With help from over 4,000 law enforcement officers, the city mostly returned to order by Monday. The Clippers, too, had returned order their series. For some Angelenos, the Clippers' sudden change in course provided a much-needed escape from all the surrounding disorder. Larry Brown, who came on as coach midway through the season after being fired by the Spurs, led the Clippers to their first playoff berth since moving to LA from San Diego. The Clippers had capitalized on a significant moment in NBA history. At the start of the season Magic Johnson, who'd recently tested positive for HIV, announced his retirement from the league. For the first time since drafting Johnson in 1979, the Lakers would be without their court general. With Brown's help the Clippers filled the void. No longer were they just "the other team." It had been a hard-fought but prosperous year on all fronts: They achieved their first winning season in over a decade and finished with more regular season wins than the Lakers, who were (and still are) largely considered hometown favorites.

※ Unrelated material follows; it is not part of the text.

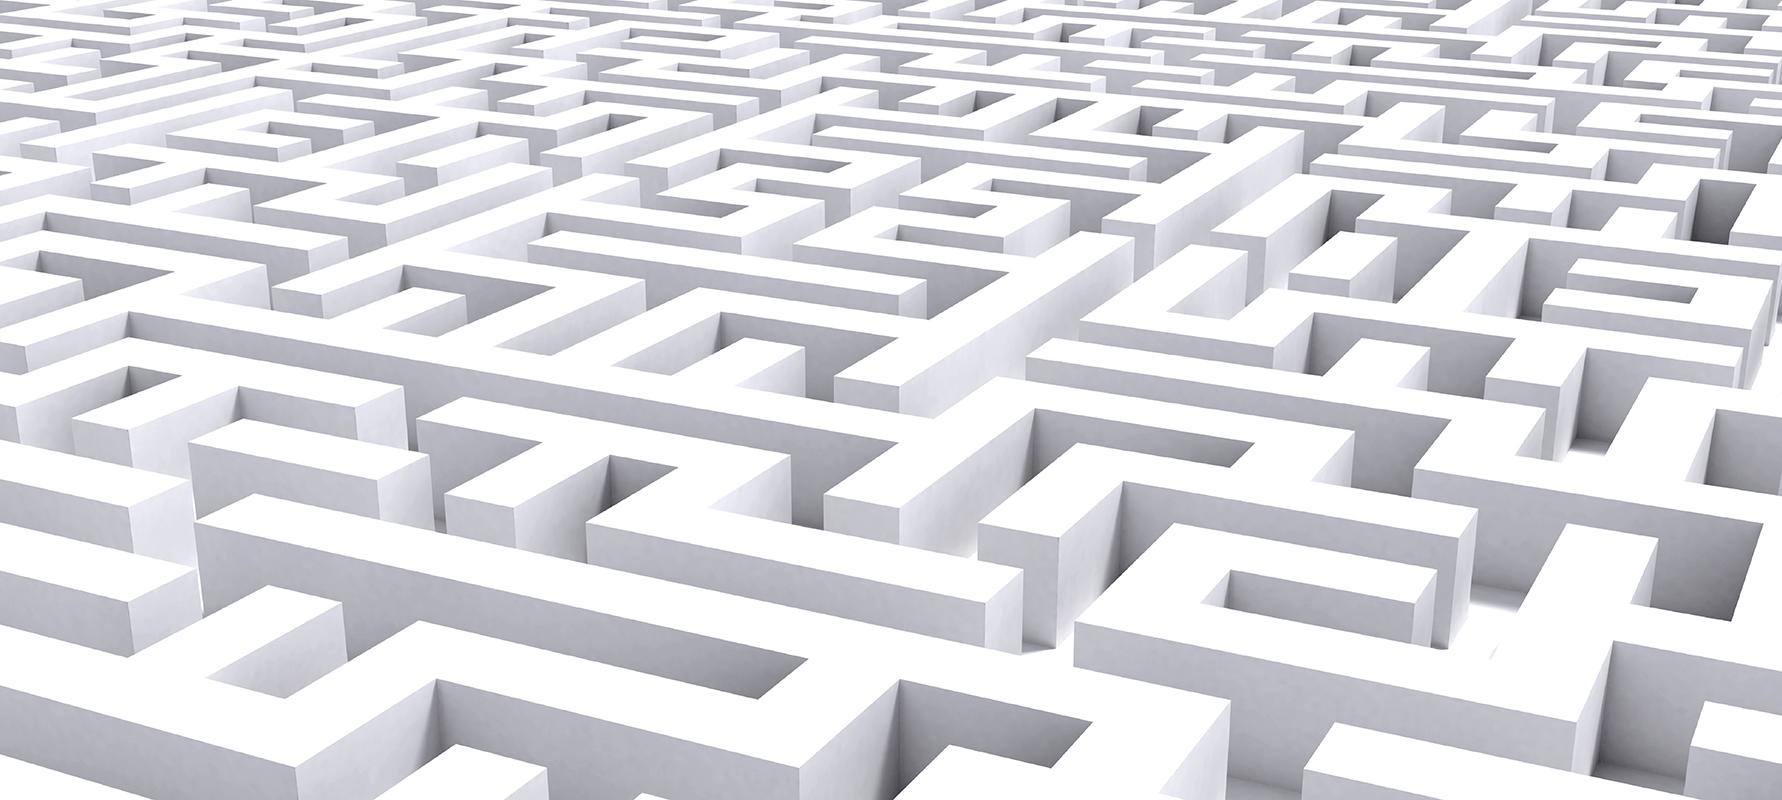 weißes Labyrinth von oben

The No. 7 seated Clippers were considered underdogs against the No. 2 Jazz. The series played out as predicted in Games 1 and 2 with the Jazz cementing decisive wins (they'd won by more than 10 in both match-ups). Games 3 and 4 went to the Clippers, with Manning putting up 33 points in Game 4 in spite of Karl Malone's 44-point onslaught. Game 5 was set for May 4th at the Delta Center. By half-time the Clippers were in control and led the Jazz by 12. But the Jazz rallied, bringing the lead to within four by the end of the third, and by the middle of the fourth, they took a commanding lead. It was a crushing loss to a crowning season, but the team would return to LA, hopes high, and to a city that had found its way home.
"We had an opportunity and weren't able to seal the deal," Manning remembers. "That was disappointing. I knew what was going on back home, but was focused on the fact that the season had come to an end."
The curfew was officially lifted on Monday. City-wide looting and arson had subdued, and life returned in slow, desperate breaths. Schools reopened and businesses called on employees to return to work. Looking back now, some 20 years later, it's hard to make complete sense of it all. I understand the anger, and the enough-is-enough mentality. But on occasion the six-year-old in me still wonders, "But why?" By which I mean: Why were the officers acquitted when it was plain as day what happened? Why had we expected the justice system to work when it had failed us time and again before? Why in our neighborhood? Why us? ... Why? Much like the Lakers and Clippers, our season, too, had ended after six relentless days. I can't say for certain we came out on top. But we had survived the worst of it. And though we didn't know what would come next, we knew this: We could begin again.